By default, the communication between components in the big data cluster is not encrypted. However, the communication can be encrypted to prevent data interception on the Internet or an untrusted network.

To do this, you just need to set related parameters to control whether to encrypt RPC channels of all Hadoop modules. The settings take effect globally.

RPC channels in Hadoop include:

  • RPC channels for clients to access HDFS
  • RPC channels between HDFS modules, for example, between DataNode and NameNode
  • RPC channels for clients to access YARN
  • RPC channels between NodeManager and ResourceManager
  • RPC channels for Spark to access YARN and HDFS
  • RPC channels for MapReduce to access YARN and HDFS
  • RPC channels for HBase to access HDFS

On FusionInsight Manager, choose Cluster > Services > Target service name. Click Configurations and then All Configurations. Enter the parameter name in the search box and restart the corresponding service for the configuration to take effect.

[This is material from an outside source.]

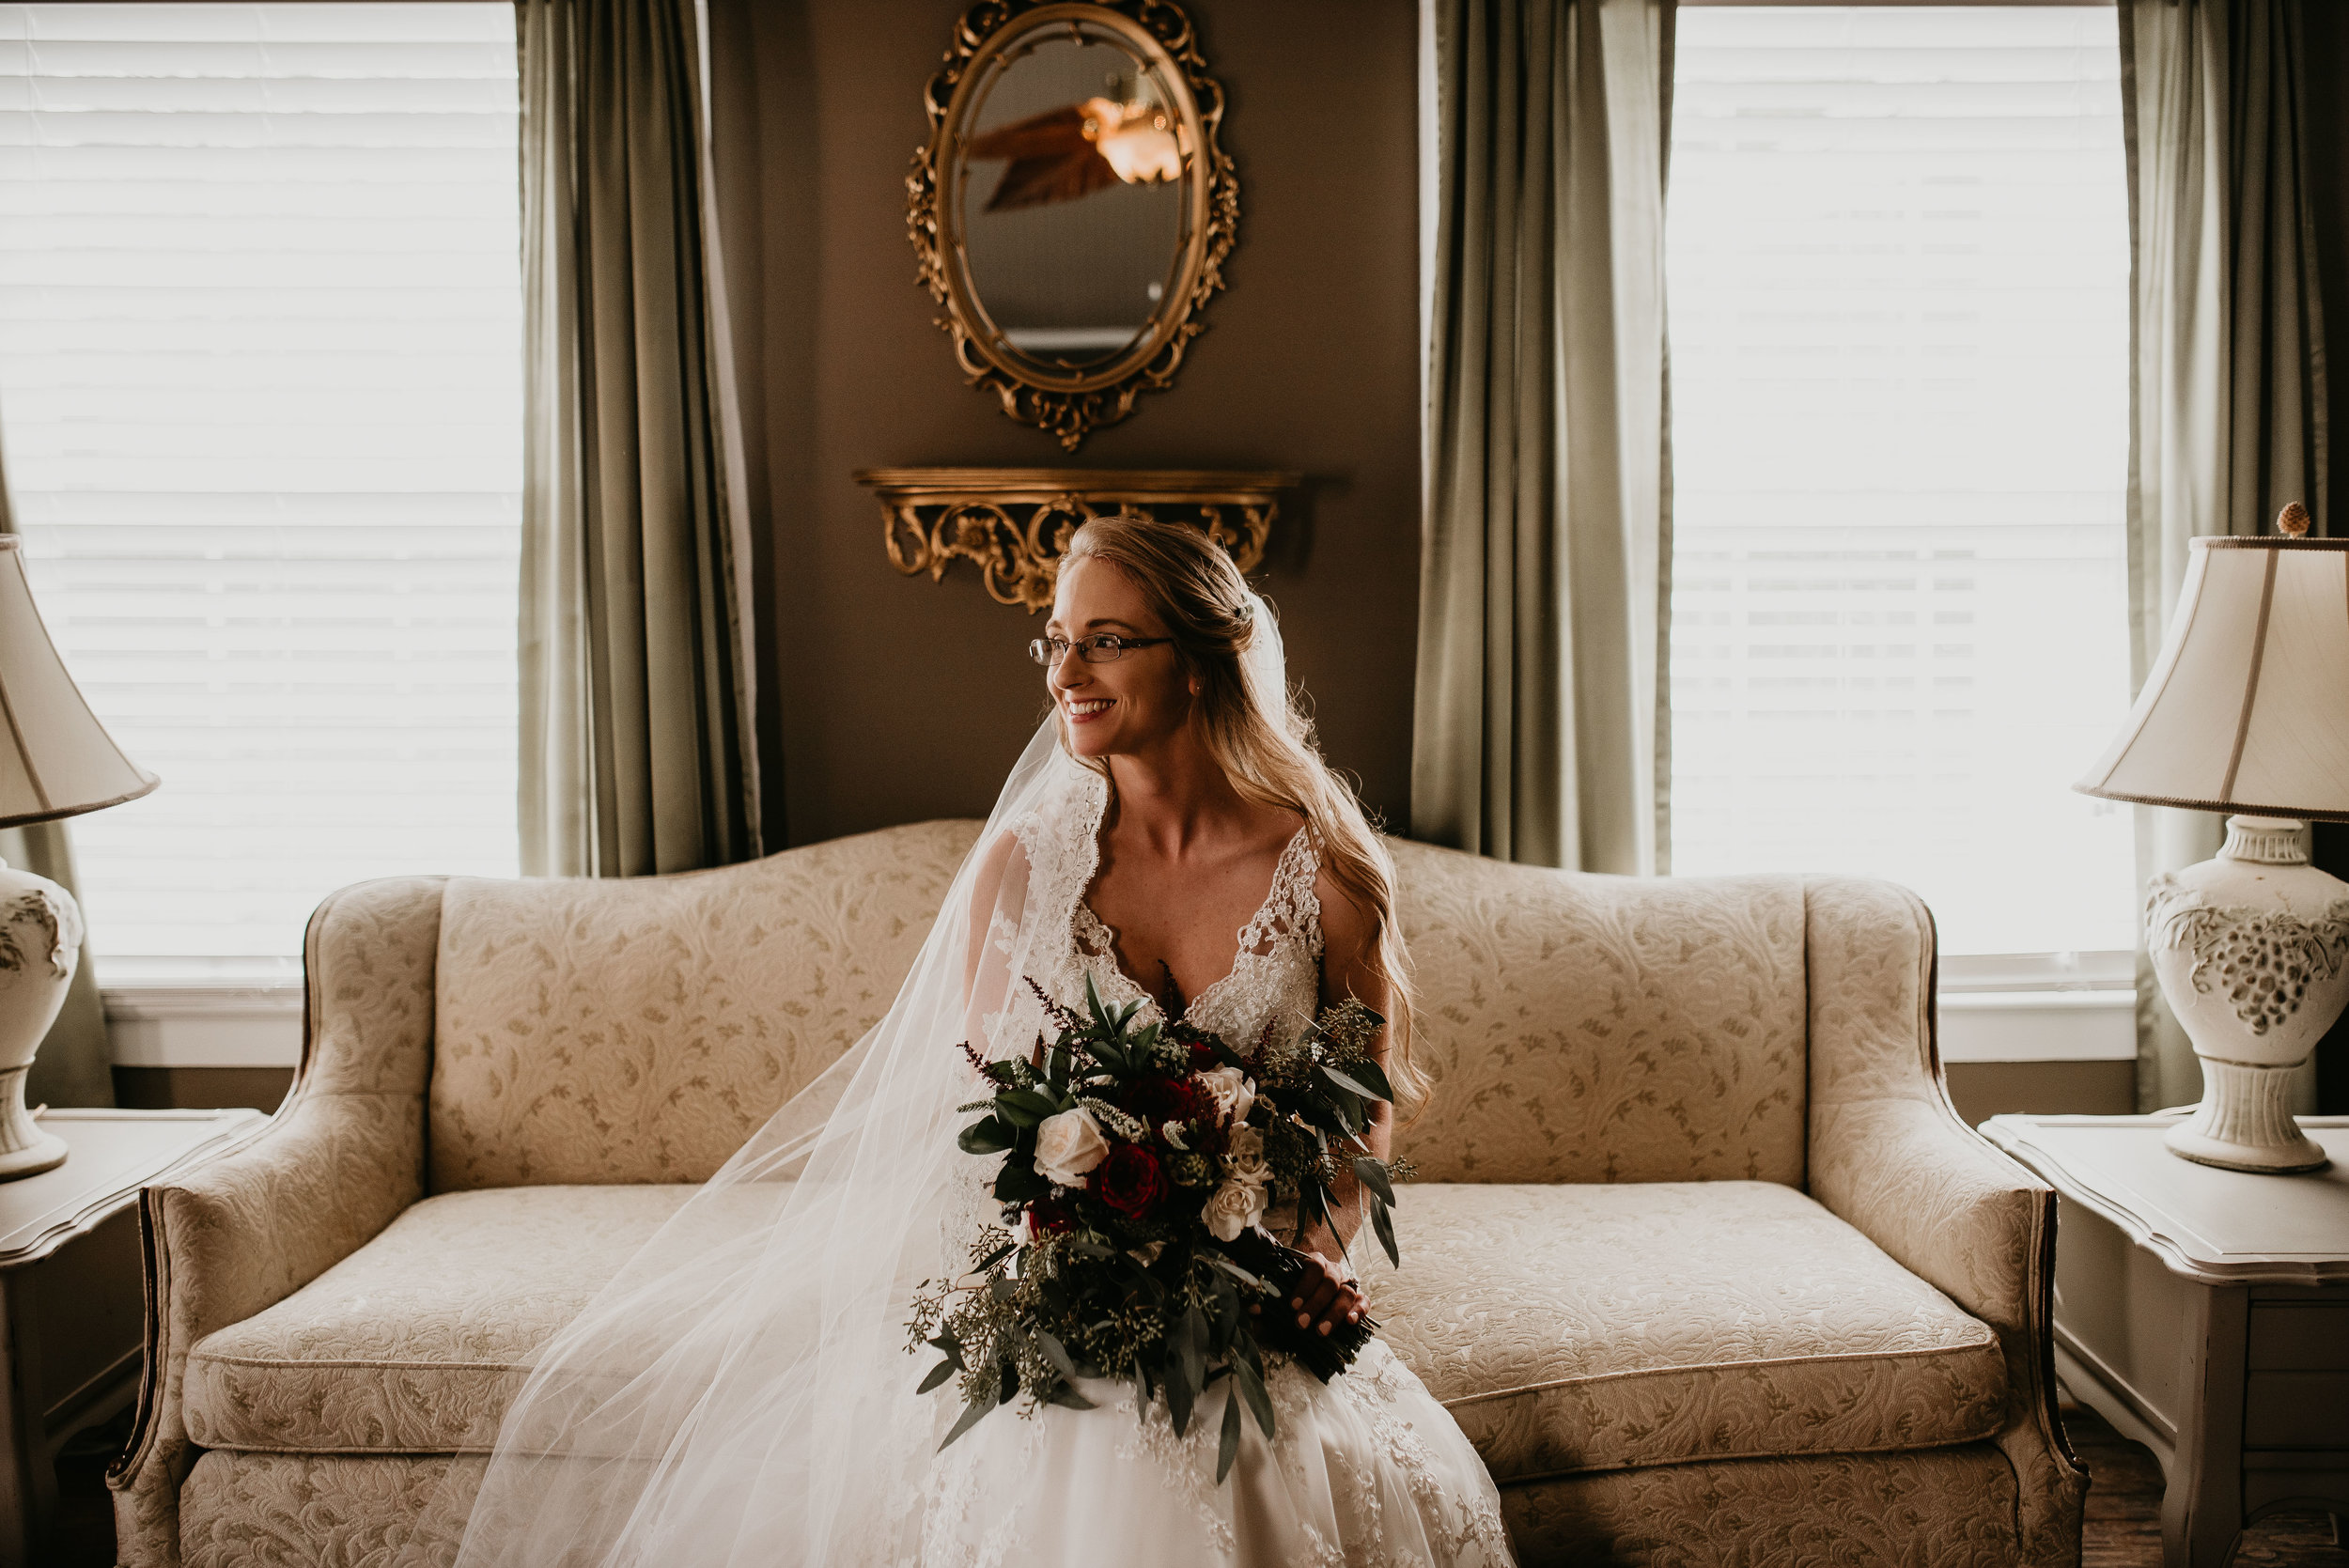 Bride smiling before ceremony at Inn at Oak Lawn Farms, in Carrollton, GA

Table 1 Parameter description

Service

Parameter

Description

Default Value

HDFS

hadoop.rpc.protection

Whether to encrypt the RPC channels of each module in Hadoop.

  • privacy: indicates that the RPC channels are encrypted, and the authentication, integrity, and privacy functions are enabled. This mode may degrade the performance.
  • integrity: indicates that the RPC channels are not encrypted, and only the authentication and integrity functions are enabled. To ensure data security, exercise caution when using this mode.
  • authentication: indicates that the RPC channels are not encrypted, and only the authentication packet is required. The integrity and privacy are not required. This mode ensures performance but has security risks.

This parameter applies to the RPC channels of all modules in Hadoop.

  • The setting takes effect only after the service is restarted. Rolling restart is not supported.
  • After the setting, you need to download the client configuration file again. Otherwise, HDFS cannot provide the read and write services.
  • Security mode: privacy
  • Normal mode: authentication

HDFS

dfs.encrypt.data.transfer

Whether to encrypt the Data Transfer (DT) channels through which the client accesses DataNodes and the data transmission channels between DataNodes.

This parameter is used only when hadoop.rpc.protection is set to privacy. Note that enabling encryption by default may severely affect performance when a large amount of service data is transmitted.

If data transmission encryption is configured for one cluster in a pair of trusted clusters, data transmission encryption must also be configured for the peer cluster.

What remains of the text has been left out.